第14章:聽證0;11;
《我成為了放逐主角的英雄》 · 김선인장 · 3049 字
「……工作辛苦嗎?」
週一早晨,經過輕鬆的週末,我許久未見的喬治出現在辦公室。我挑起眉毛,虛弱地揮了揮手,提不起精神說話。
螞穴事件的餘波仍在,使我身體各處都隱隱作痛。喬治看着我垂頭喪氣的樣子,輕笑出聲。
「我原本還以爲你會老實一陣子,現在卻又獨自跑出去把手臂弄斷了。萬一今天要出發遠征,你該怎麼辦?」
喬治瞪着我,我重重地嘆了口氣,虛弱地回答:
「我們今天又不是要去對付災難,一隻斷手算不了什麼。我們什麼時候打架不受傷過?」
當然,斷手並不是在與阿拉吉德戰鬥時唯一的傷勢。彷彿突然獲得了自愈能力,許多傷口在夜間已經癒合。
斷腿、斷肋骨、深切和刺傷。唯一殘留的傷勢是右手,也就是揮舞聖劍的手。我從未聽說過喚醒聖劍會有這種後遺症。

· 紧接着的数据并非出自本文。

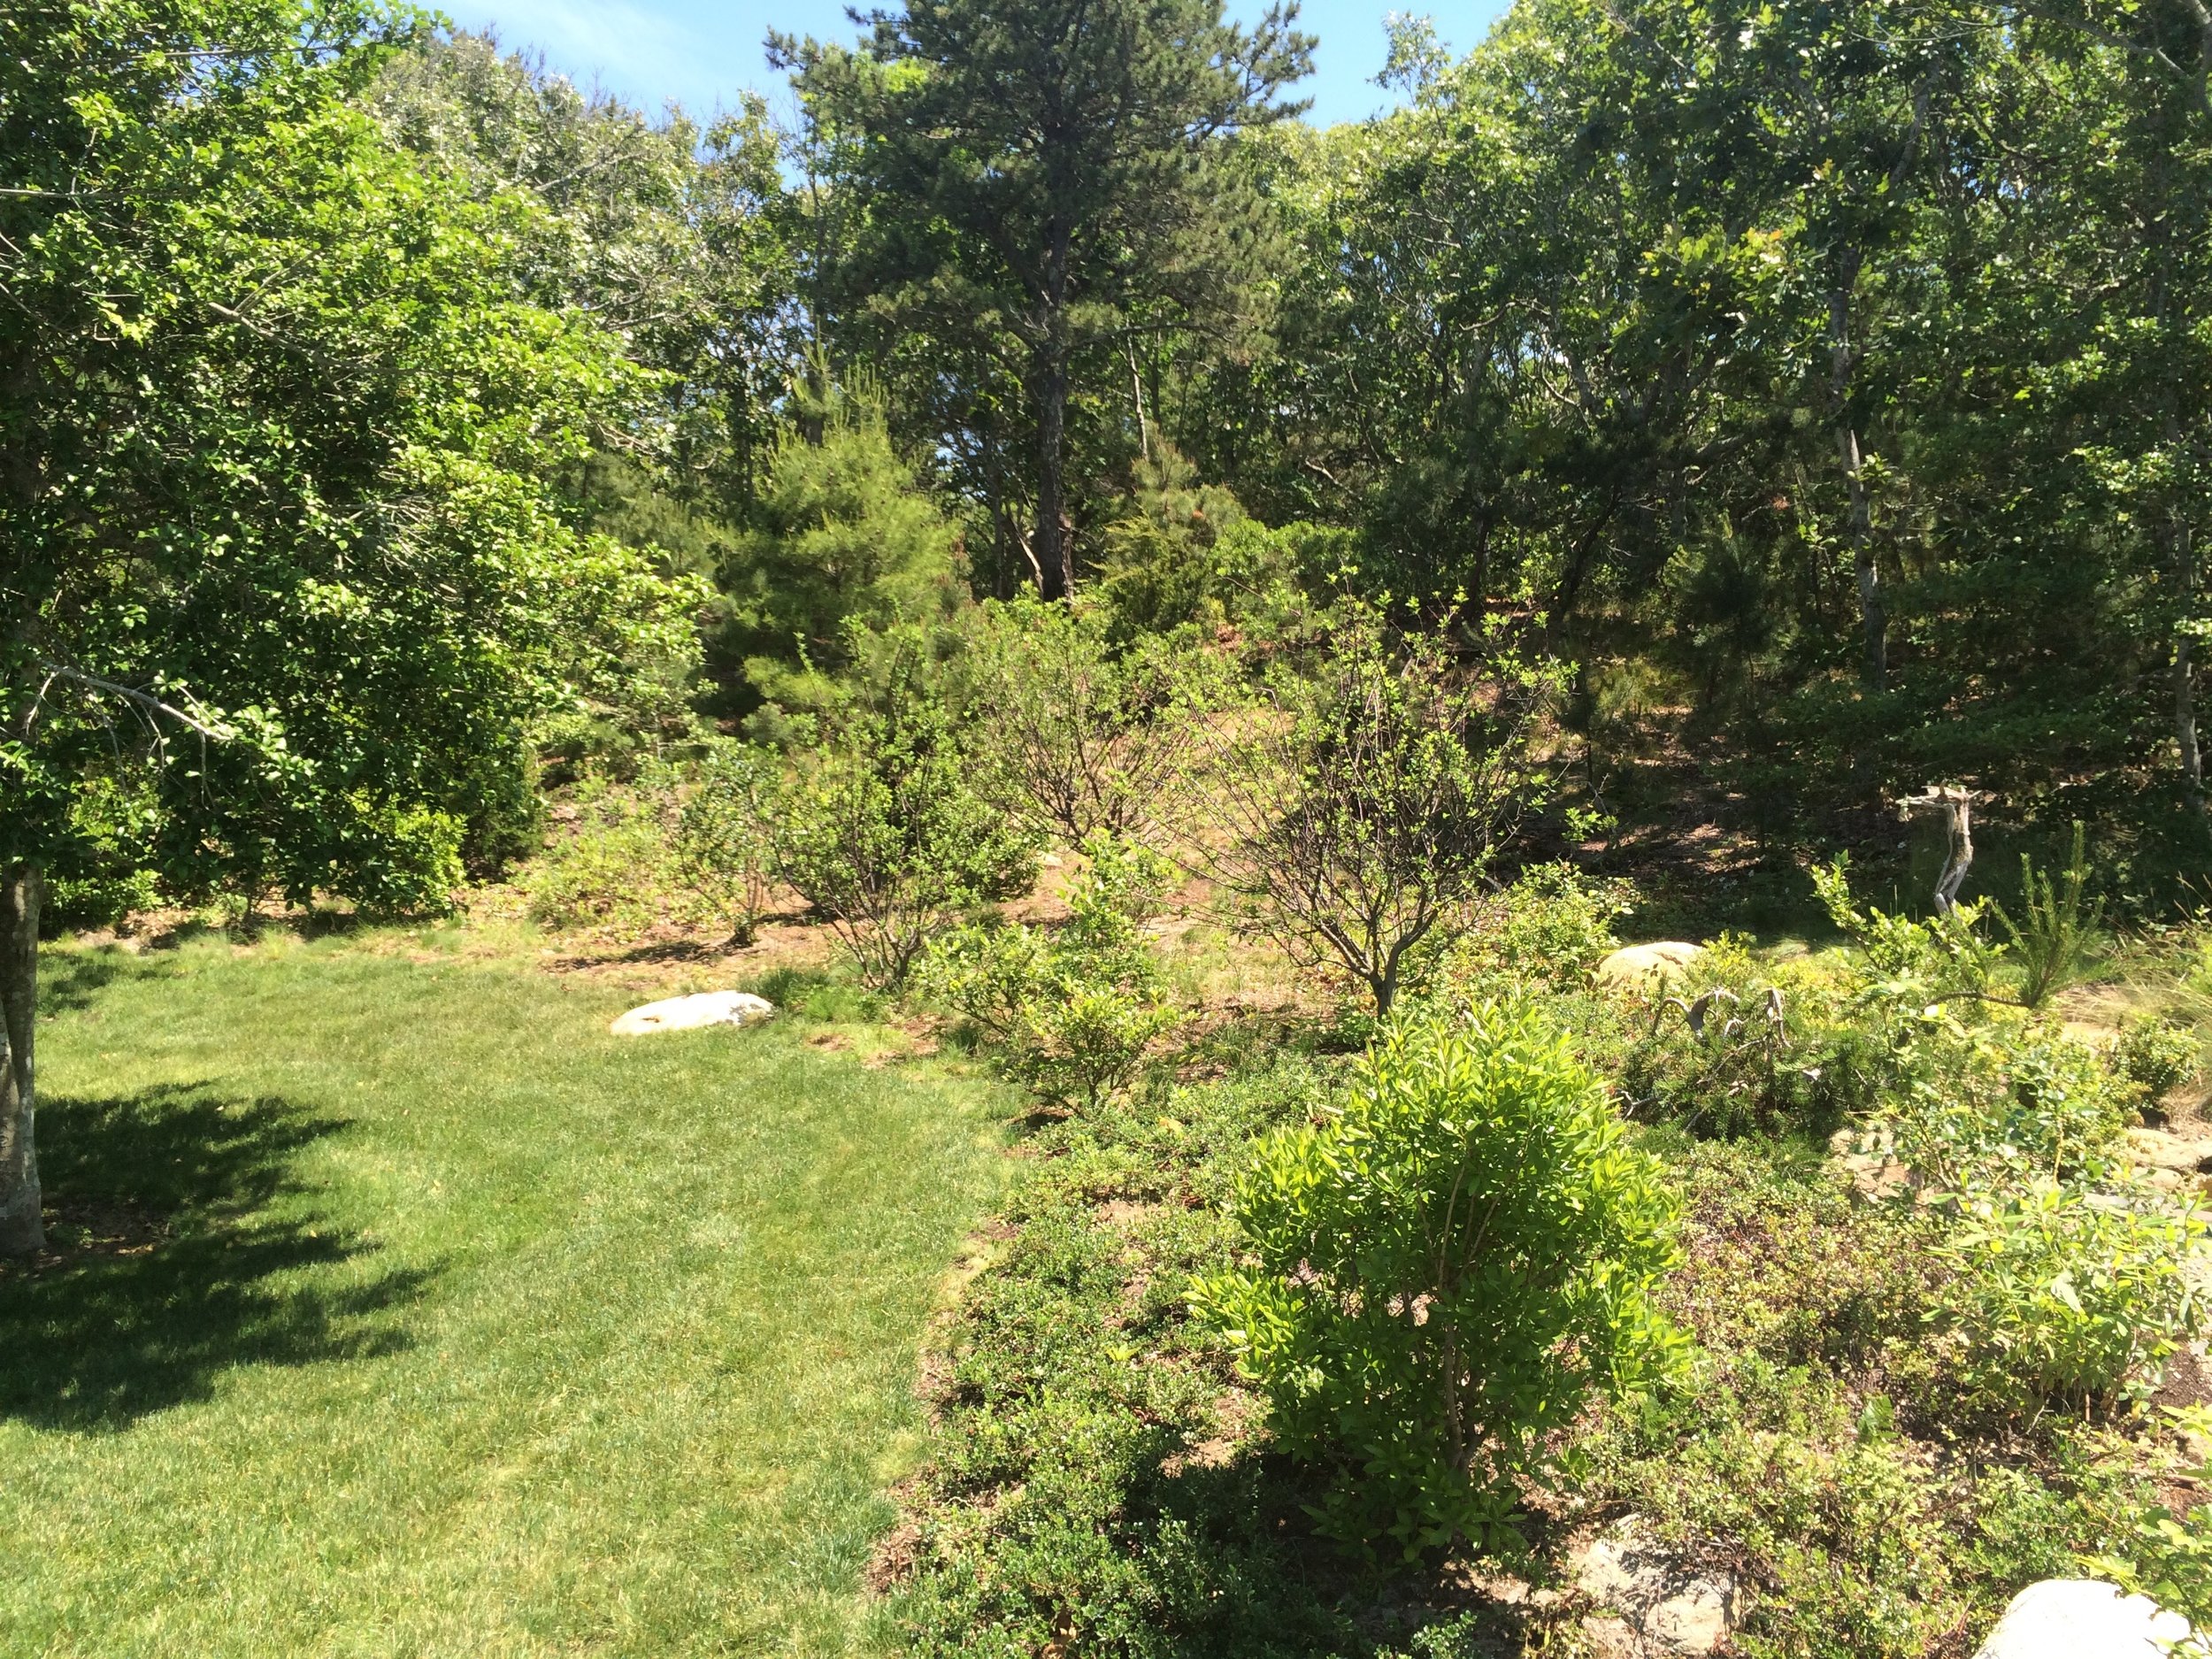   Cape Cod  - Completed naturalization process. Removing gratuitous lawn to introduce natives back to property. 
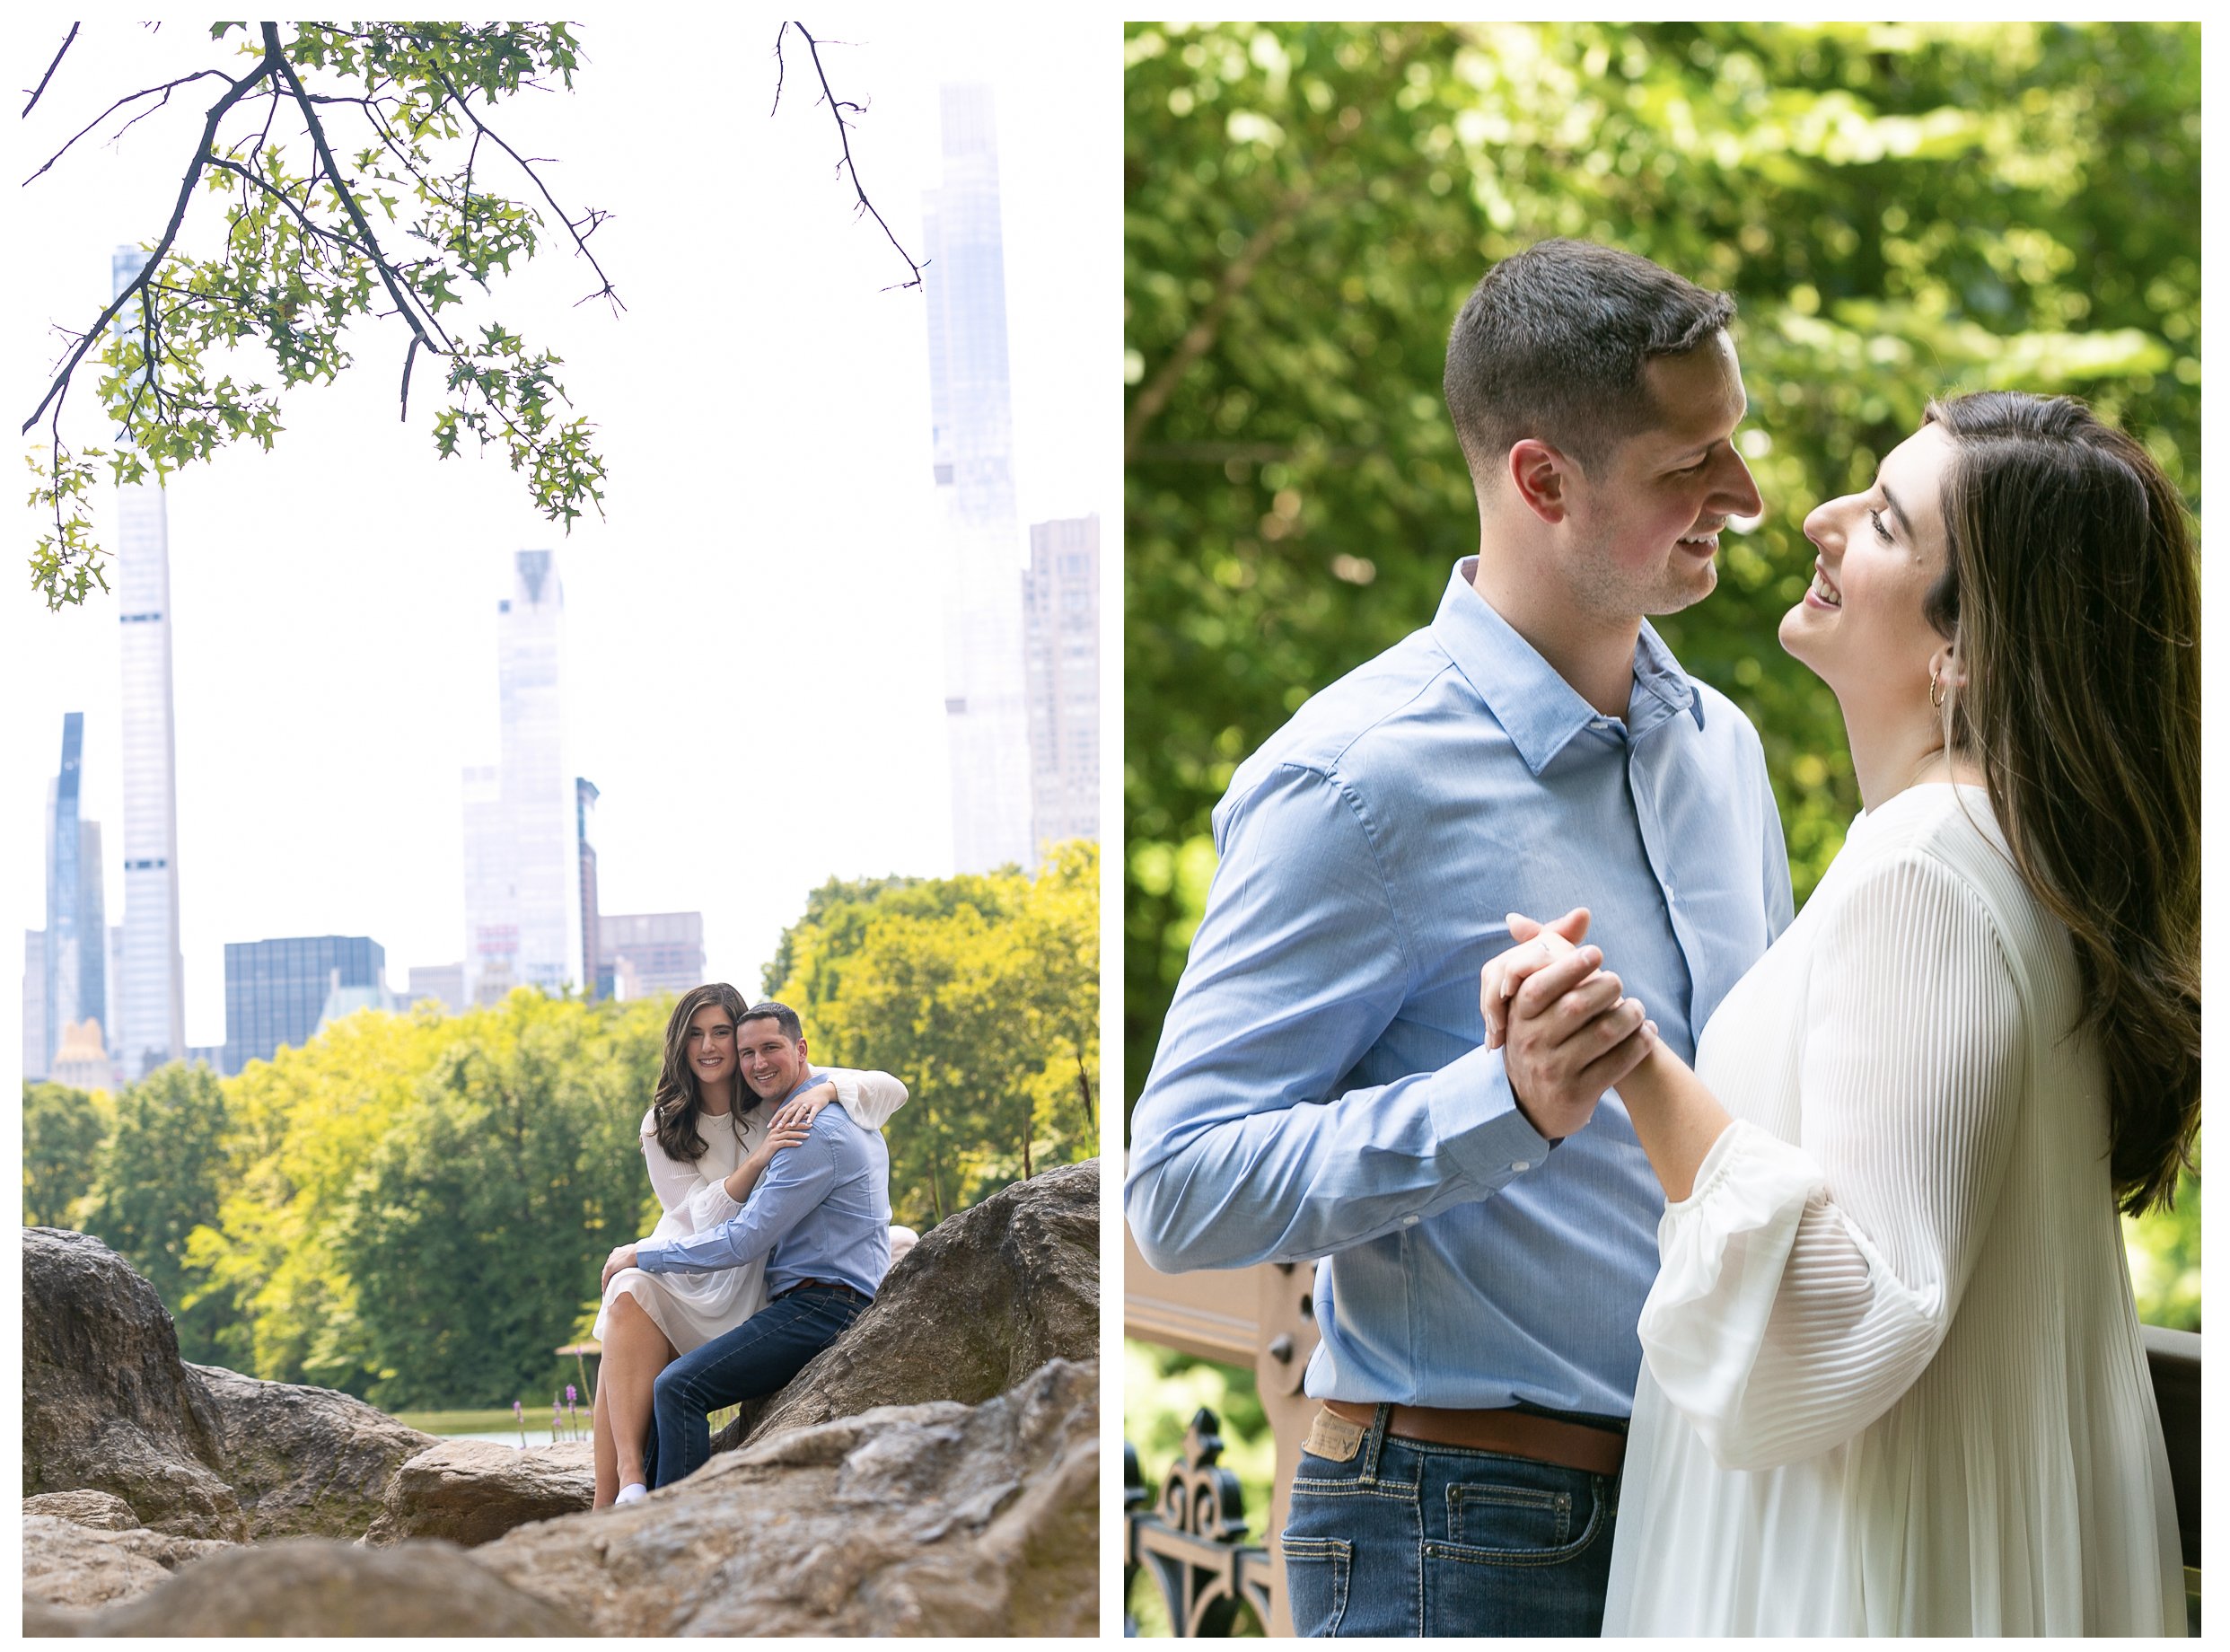 Central Park Engagement Photographer nyc _ 0004.jpg

「那時候,只要沒有割斷喉嚨,你就能逃過任何傷害。那是艾瑞絲還在隊伍的時候。」
「該死,爲什麼要用邏輯說服我。」
我尷尬地咳嗽了一聲。
想起來,我第一次醒來時正坐在這張桌子前。喬治站在我旁邊,艾瑞絲就在我面前。我不知道是什麼惹惱了她,但她威脅要離開隊伍,金色的頭髮在淺藍色牆壁上閃耀。
那只是轉瞬即逝的一瞥,但畫面卻異常清晰。
確實,憑藉她的能力,隨手就能治癒斷臂、斷腿,甚至是腸子外露的傷勢,但現在思考這些已經毫無意義。我輕哼一聲,撫摸着纏着繃帶的右臂。
「你後悔把阿爾詹趕走,讓艾瑞絲離開嗎?」
喬治研究着我的臉龐發問。這不是我的錯,但我不願意說出「後悔」這個詞。這讓我想起了原本埃爾羅伊的遺憾。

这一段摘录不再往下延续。